WASHINGTON – The House is going to make another run at imposing more than $17 billion in taxes on major oil companies.
An aide to House Speaker Nancy Pelosi initially said plans were to take up the bill Wednesday, but after looking at a tight schedule it was decided to postpone action until likely next week.
Final numbers have yet to be worked out, but the legislation will mirror an energy tax package that passed the House last year. That legislation was abandoned as part of negotiations in December on a broader energy bill.
"Given this week's limited schedule, we wanted members to have more time to review the proposal," said Pelosi spokesman Drew Hammill.
The House Ways and Means Committee was crafting the final legislation, including $17.65 billion in taxes on oil companies over 10 years.
When pushed by Democrats last year, the tax measures — one that would rescind tax breaks on foreign oil production and another aimed at making domestic manufacturers competitive with foreign companies — prompted strong opposition from Senate Republicans and the White House. President Bush pledged a veto if the taxes were included.

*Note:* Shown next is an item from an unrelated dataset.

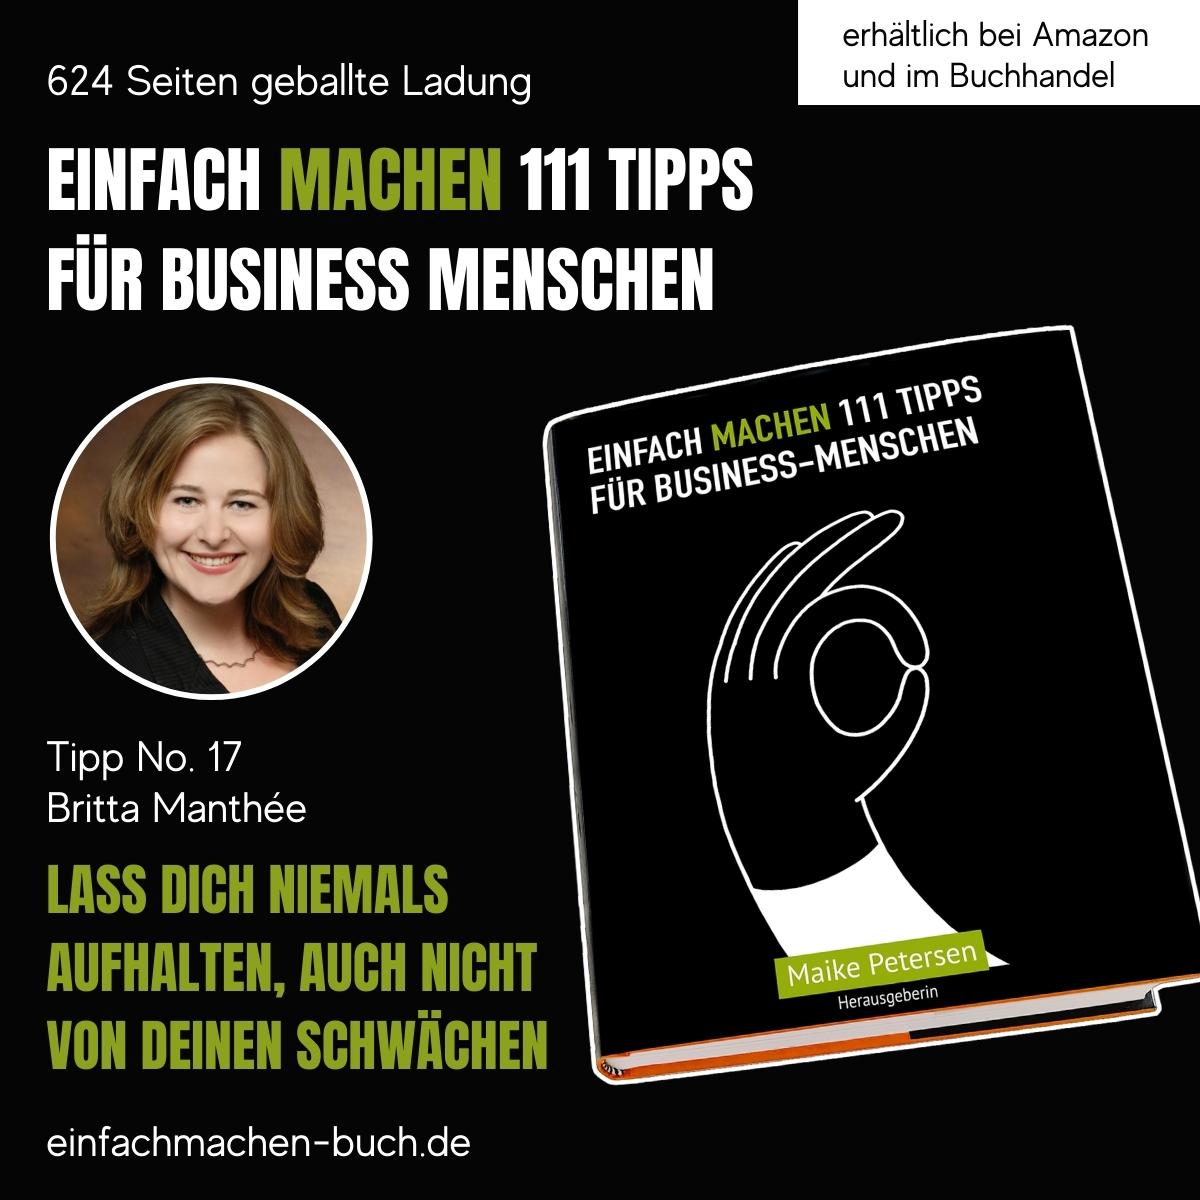 EINFACH MACHEN 111 TIPPS FÜR BUSINESS-MENSCHEN | Tipp No. 17 Britta Manthée

After passing the House in August, the tax package was finally abandoned to get a major increase in automobile fuel economy and other energy measures approved and signed by Bush in December.
But congressional Democrats believe the oil taxes have a better shot this time, given the huge profits recently reported by the major oil companies for last year.
Exxon Mobil Corp. earned $40.6 billion in 2007, besting its own record for annual profits. Chevron Corp., No. 2 U.S. oil company, also had its best year ever in 2007, reporting a profit of $18.7 billion.
The new tax revenue would be used to pay for a wide range of tax breaks for the wind, solar and biofuels industries as well as to support energy conservation measures.